Parmi toutes ces règles, il y en a une laissée en héritage par Gérard Houllier à laquelle on tient tout particulièrement : avoir dans son effectif un ou deux joueurs de classe mondiale. Voyant midi à sa porte, le grand architecte du Serpent à Sonnettes s'était empressé de promouvoir publiquement Juninho parmi ces types dont les exploits finissent par tourner en boucle sur youtube. Dans le secret de ces entretiens qu'il pratiquait avant chaque match de Ligue des Champions avec chacun de ses joueurs et qui avaient tant impressionné Diarra, on le soupçonne d'avoir envoyé le compliment à près de la moitié de son effectif.

Houllier et Juninho partis, restait un filon à entretenir pour l'OL. Le plus court chemin a consisté à se payer les types capables de rejoindre le club très fermé des joueurs qui ont ce truc en plus que les autres n'ont pas. Quitte à oublier qu'avant le prix, ce sont encore ces rencontres bigger than life qui servent de révélateur. Alors qu'on hésitait à savoir qui de Lisandro ou de Gourcuff sortirait du chapeau pour cette fois, les premières minutes du match de samedi ont réglé la question : seul Lloris a la carrure de l'homme providentiel dans les très grandes occasions.
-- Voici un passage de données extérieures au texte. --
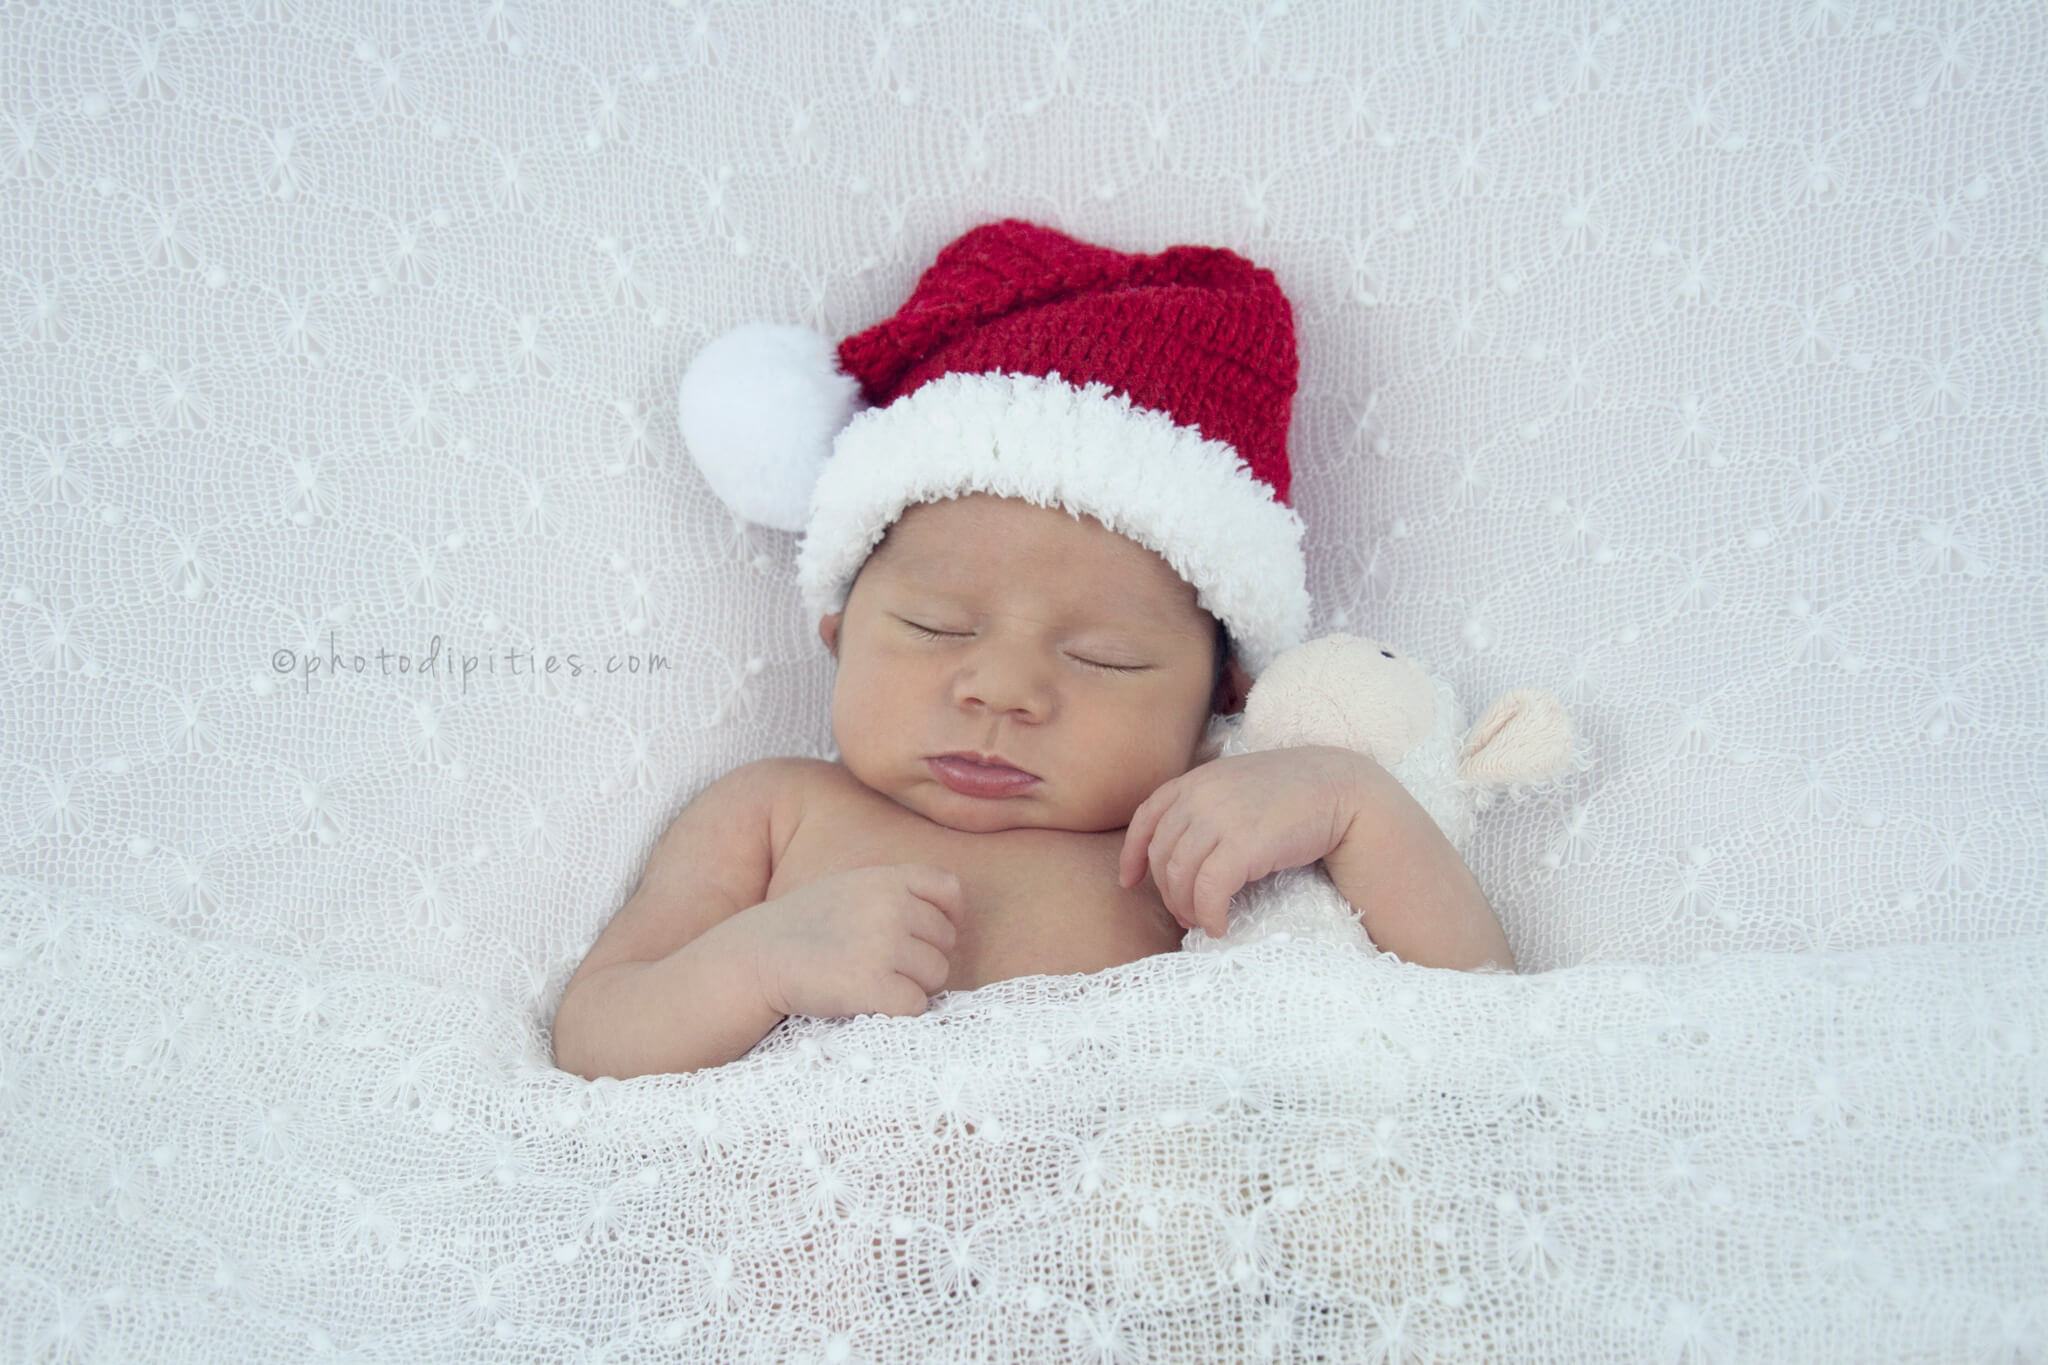 Photodipities Family - Newborn Photography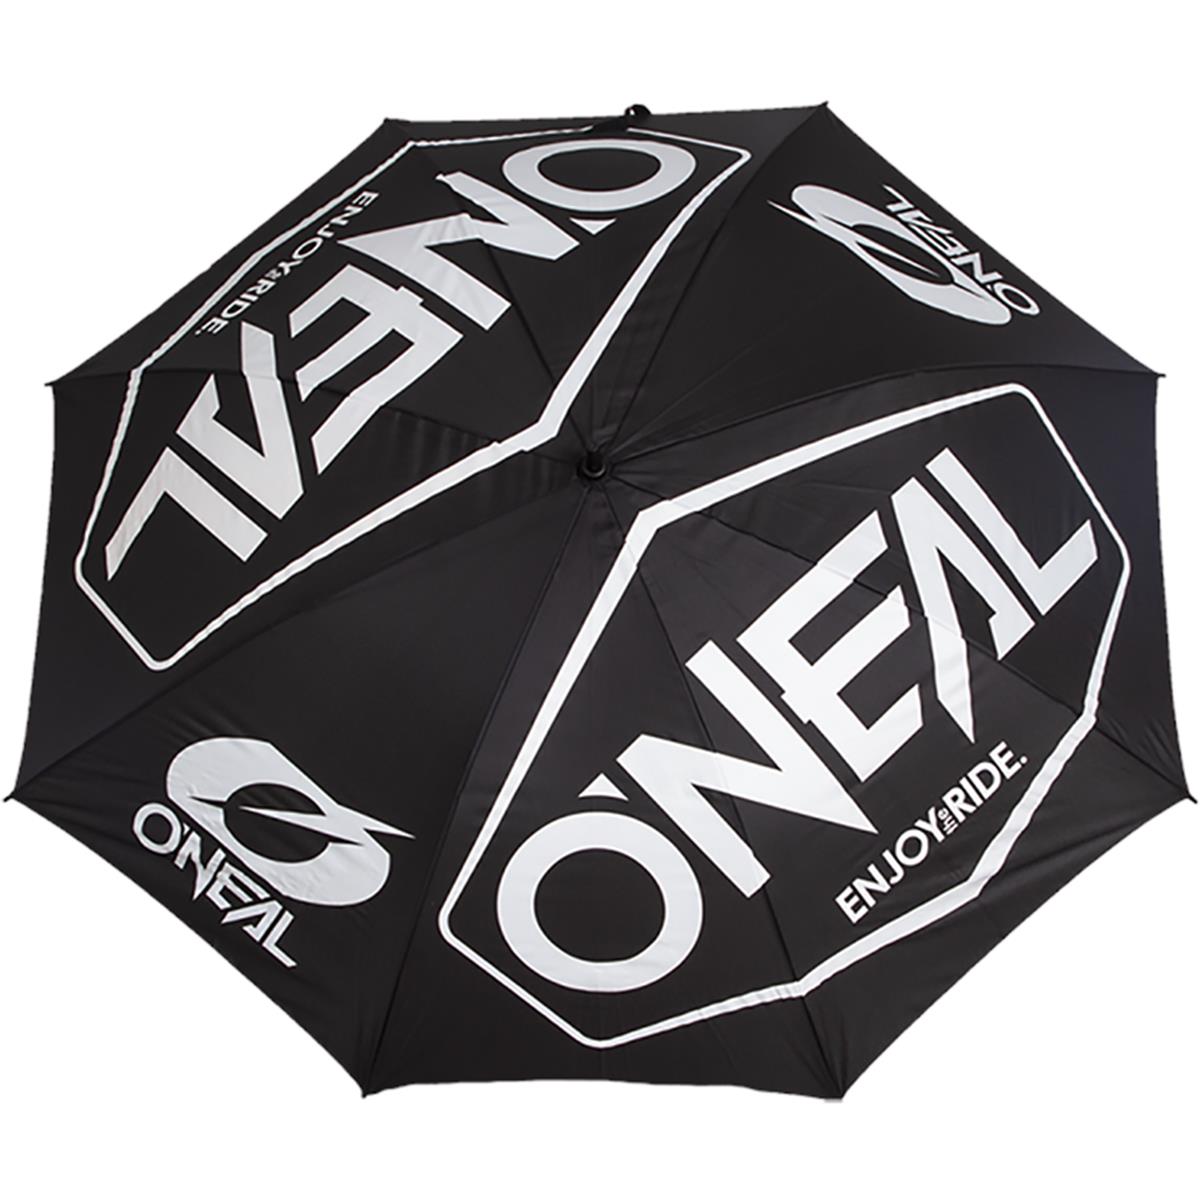 O'Neal Racing Hexx Umbrella

Une nouvelle pas franchement rassurante quand on sait qu'il sera sans doute question d'un départ en fin de saison. Mais une victoire de plus pour tous les grands échalas à tête de moineau qui se cherchent un héros depuis que Jarvis Cocker a versé dans la semi-clandestinité.
The Soft Pack -; Extinction

La semaine passée, on était prêt à ne retenir du passage de Toulalan sur OL TV que ces quelques passages sur les dessous de son coup de spleen de début de saison. Avant de se rappeler cette drôle de révélation passée inaperçue : « Ce n'est pas le match avant un retour décisif de Ligue des Champions qui est le plus difficile à jouer. C'est celui d'après. »

Un match d'après pas seulement difficile parce qu'il se jouera contre Rennes. Plutôt un match qui a tout du juge de paix quand il faut revenir au quotidien de la L1, avec des illusions en moins quand la défaite a pris des allures de leçon. Par chance, comme le rappelait Puel le mois dernier dans Lyon Capitale, l'OL est déjà passé par là : « Quand je suis arrivé à Lyon, ce qui était marquant, que ce soit de la part des dirigeants, du président, ou des supporters, l'attente était au niveau de la Ligue des champions. (...) Après l'élimination contre Barcelone, la saison était terminée. C'était une vraie dépression. Plus rien ne les intéressait derrière. Ils ne voulaient plus s'entraîner, jouer... Les gens ne s'en rendent pas compte, mais atteindre cette troisième place, ç'a été très costaud. »

Ces dernières temps, les joueurs se sont succédé pour rappeler que l'objectif de la saison était bien de ramener un titre, quelque soit le résultat au retour de Bernabeu. Bien plus que la petite claque ramenée de Madrid, c'est encore la fermeture de la parenthèse européenne qu'il convient de digérer en trois jours et deux nuits. Hors du sentier rythmé par les étapes européennes, l'allure du collectif lyonnais paraît plus cahoteuse, plus incertaine. Et la fin de saison pourrait promettre d'être aussi duraille que le fut le début pour peu que s'éteigne samedi le tout dernier espoir accroché aux cœurs lyonnais, celui d'un titre de champion de France.